Problem to solve - Output every entry exactly as written, but omit the pictures.

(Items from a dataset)
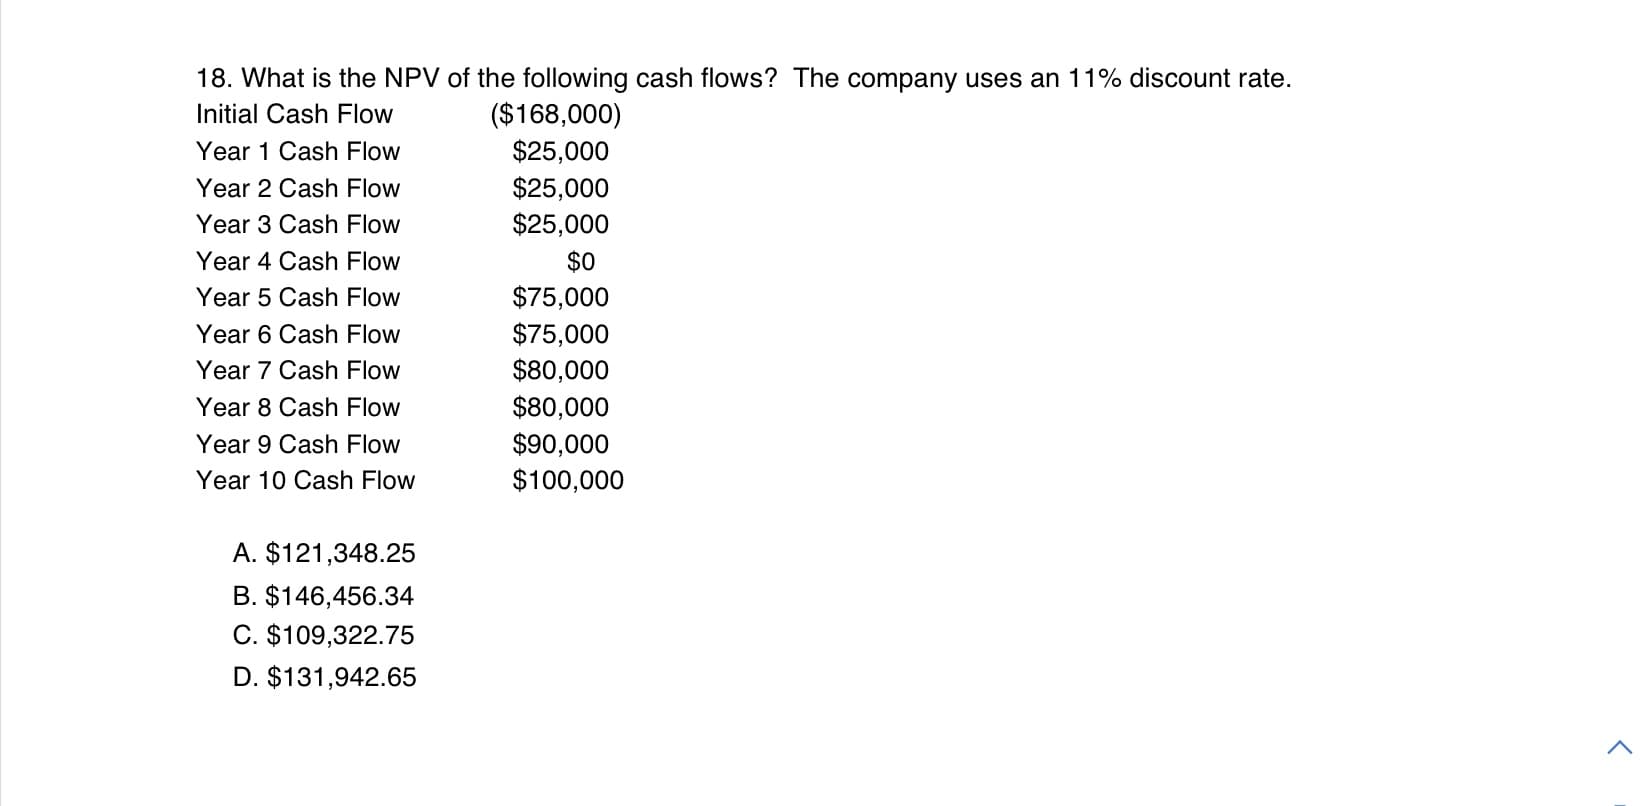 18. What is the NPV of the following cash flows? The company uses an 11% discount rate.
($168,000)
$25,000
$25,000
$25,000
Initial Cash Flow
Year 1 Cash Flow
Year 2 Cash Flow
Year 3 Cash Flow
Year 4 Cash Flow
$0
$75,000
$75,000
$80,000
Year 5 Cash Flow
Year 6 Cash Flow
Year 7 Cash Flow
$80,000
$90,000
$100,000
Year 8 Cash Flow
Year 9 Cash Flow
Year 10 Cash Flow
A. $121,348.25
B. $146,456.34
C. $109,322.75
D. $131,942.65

Problem solution -
 18. What is the NPV of the following cash flows? The company uses an 11% discount rate.
($168,000)
$25,000
$25,000
$25,000
Initial Cash Flow
Year 1 Cash Flow
Year 2 Cash Flow
Year 3 Cash Flow
Year 4 Cash Flow
$0
$75,000
$75,000
$80,000
Year 5 Cash Flow
Year 6 Cash Flow
Year 7 Cash Flow
$80,000
$90,000
$100,000
Year 8 Cash Flow
Year 9 Cash Flow
Year 10 Cash Flow
A. $121,348.25
B. $146,456.34
C. $109,322.75
D. $131,942.65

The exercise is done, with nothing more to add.